Cumplió lo que cifraba su nombre. Aristóteles, de algún modo el padre de la lógica, sostenía que la fuente del conocimiento es la experiencia. Y Onassis labró el suyo en ella. El nombre era también un mandato paterno. El papá se llamaba Sócrates, que fue maestro de Platón, que fue maestro de Aristóteles. La mamá se llamaba Penélope, que evocaba a la eterna enamorada que esperó en Ítaca, durante casi veinte años, a que regresara de Troya su eterno enamorado, Odiseo, Ulises para los romanos, mientras tejía cada noche y destejía cada amanecer el frágil hilo de su esperanza. De esa madera estaba hecho Ari, como le llamaban sus íntimos.
Había nacido el 20 de enero de 1906 en Izmir o Esmirna, según quién sea, turco o griego, quien nombre a ese territorio a la vera del Egeo, fundada por los griegos, capturada por los romanos y reconstruida por Alejandro Magno, un alumno de Aristóteles. La ciudad estaba bajo dominio turco, pero Onassis nació en el seno de una familia griega de comerciantes en tabaco. En 1919, tras la desintegración del imperio otomano, los griegos ocuparon Esmirna y el tratado de Lausana le dio a Onassis y a muchos otros, la nacionalidad griega. Pero entonces fue el nacionalismo turco el que persiguió a los griegos y a otras minorías. Los Onassis huyeron a Atenas, y lo perdieron casi todo. Parientes lejanos, o contactos tabacaleros de su padre, hicieron que Aristóteles y una hermana embarcaran hacia la Argentina en la tercera clase de un buque que tenía como una última escala a Buenos Aires, capital de un país que entonces era tierra de promisión.

La leyenda dice que en el bolsillo de Ari, de diecisiete años que desembarca y pasa fugaz por el Hotel de los Inmigrantes, sólo había cien dólares.
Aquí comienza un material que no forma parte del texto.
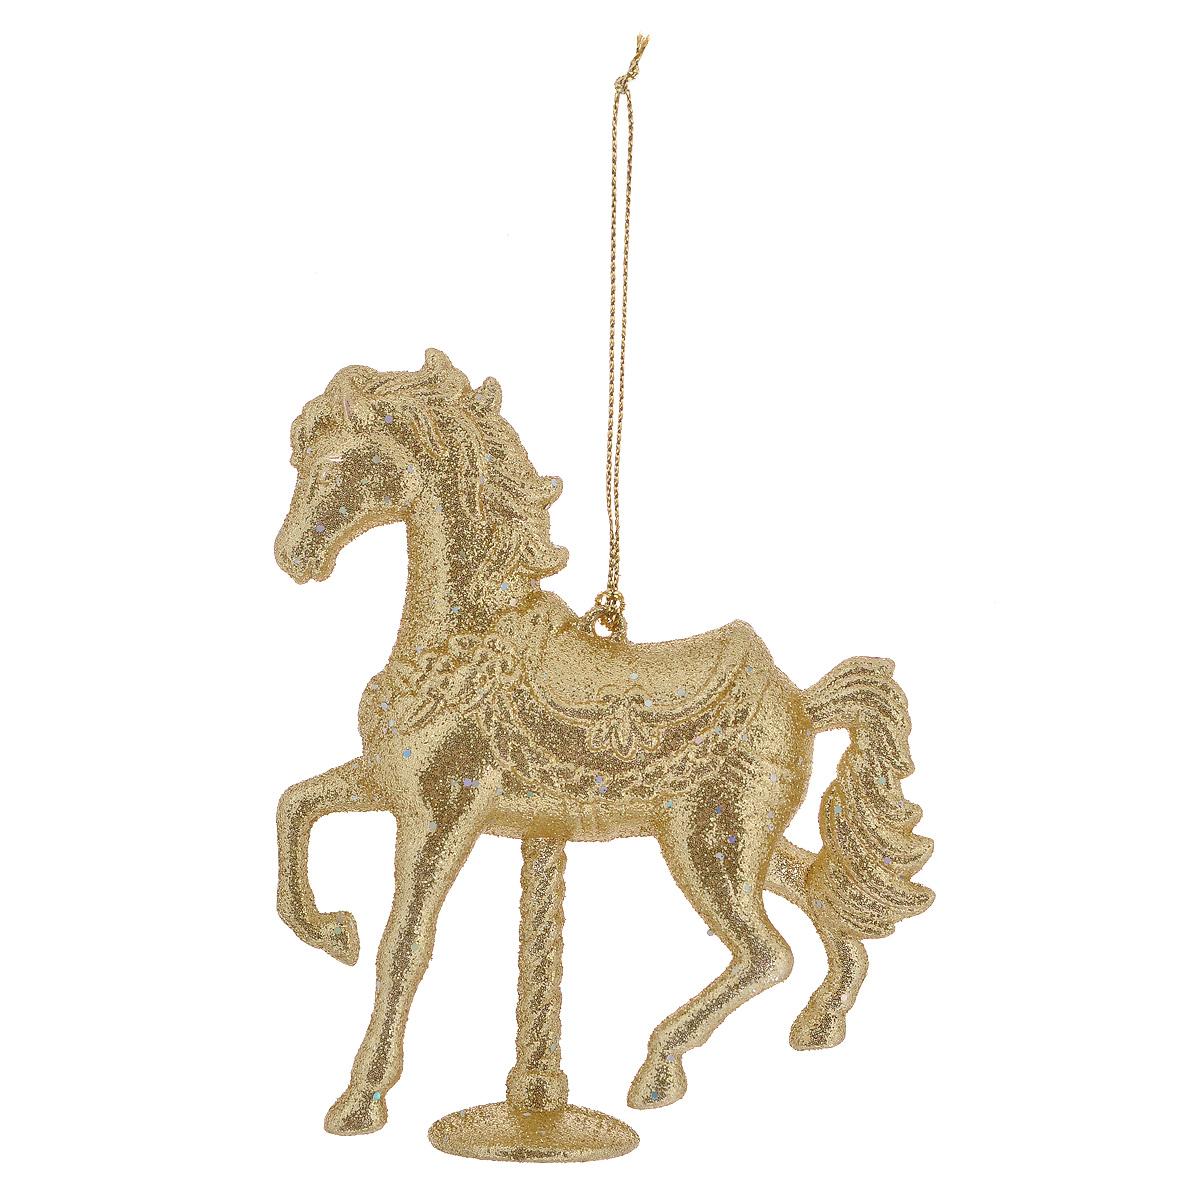 Новогоднее подвесное украшение Феникс-Презент Блестящий конь, цвет: золотистый. 35077 книги эксмо конь и его мальчик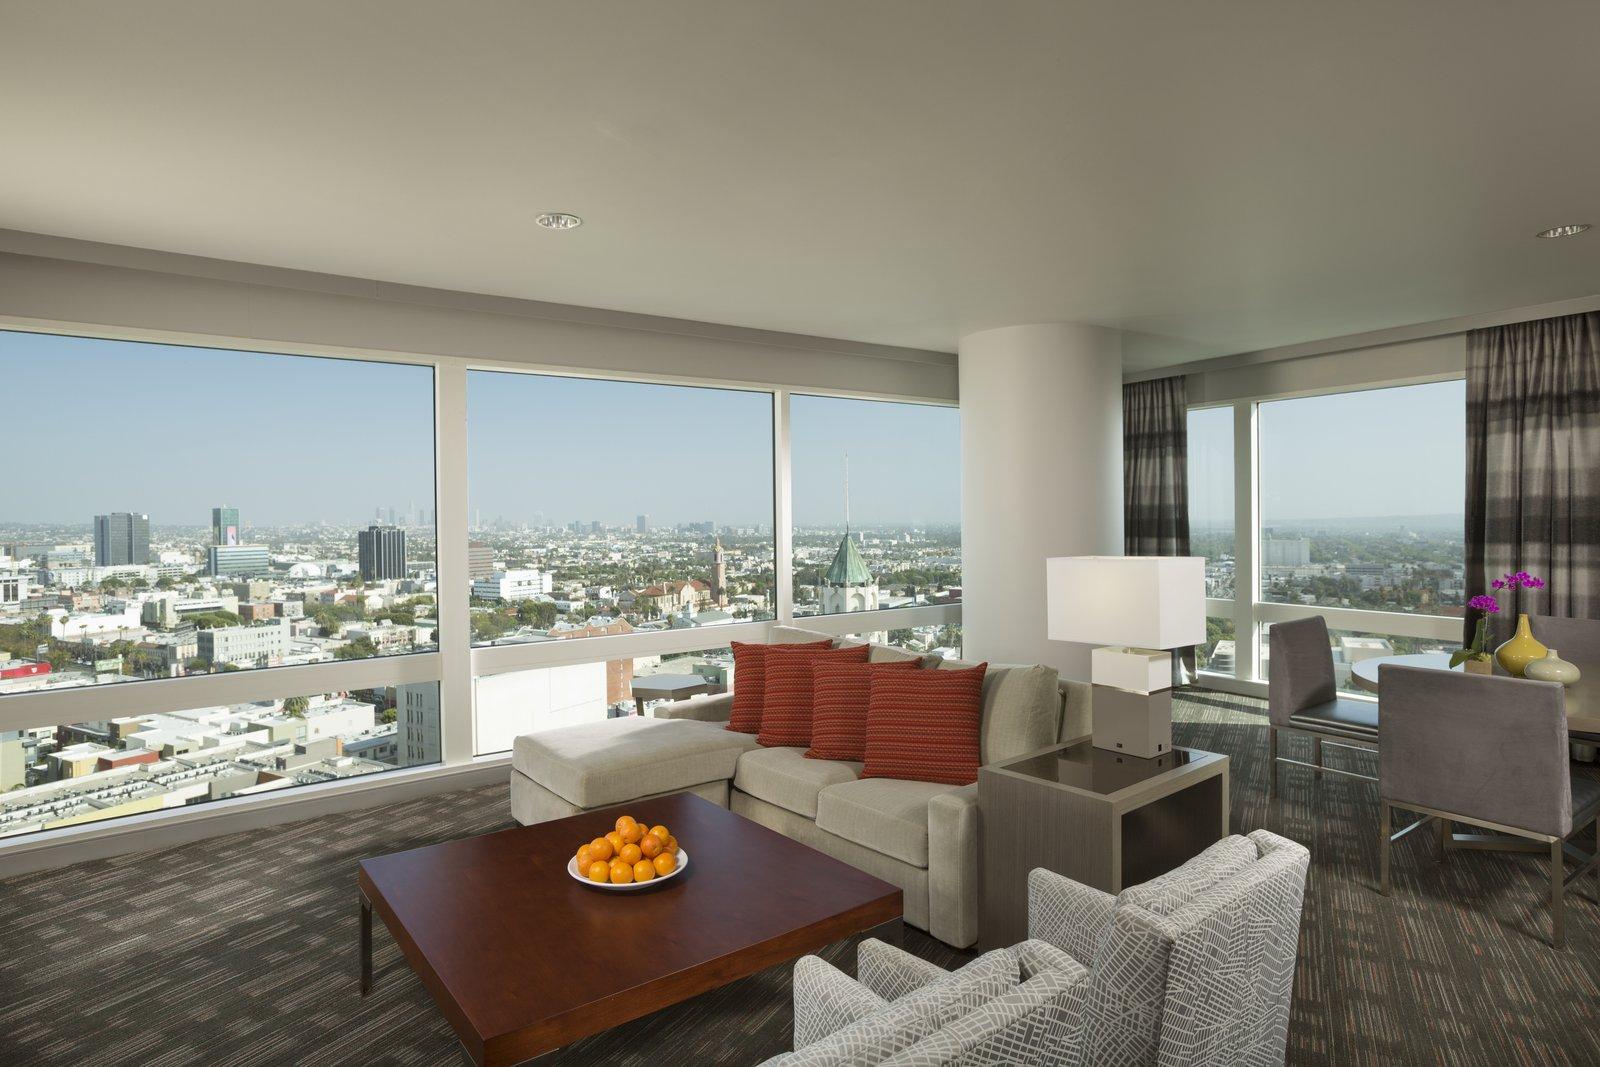 loews hotels resorts designer destinations ad360. Black Bedroom Furniture Sets. Home Design Ideas

Él mismo alimentó esa fábula, si lo fue: “Cuando llegué a Buenos Aires, en 1923, cien dólares no era mucho. Con la esperanza de que las relaciones de mi padre dieran los resultados esperados, necesitaba trabajar”. Trabajó duro: fue lavaplatos, cocinero en el ferrocarril, peón de albañil, hizo brillar los cristales de la sastrería Marchetti y se hartó rápido de los trabajos de inmigrantes. Logró entrar como telefonista en la British United River Plate Telephone & Co.: hizo trampa. “Para poder trabajar allí tenía que ser seis años mayor. Mentí mi edad. Tampoco me parecía que Izmir fuese un lugar ni conocido ni serio para haber nacido, así que opté por uno que me pareció más honorable: Atenas. Pedí trabajar de noche para tener los días libres y buscar otras salidas. Un año después, con la ayuda de un préstamo abrí mi primer negocio de cigarrillos. No dejé mi trabajo en la compañía telefónica hasta que estuve seguro de que mi negocia iba a funcionar. Mi estrategia siempre fue la de cuidarme las espaldas por si había imprevistos”.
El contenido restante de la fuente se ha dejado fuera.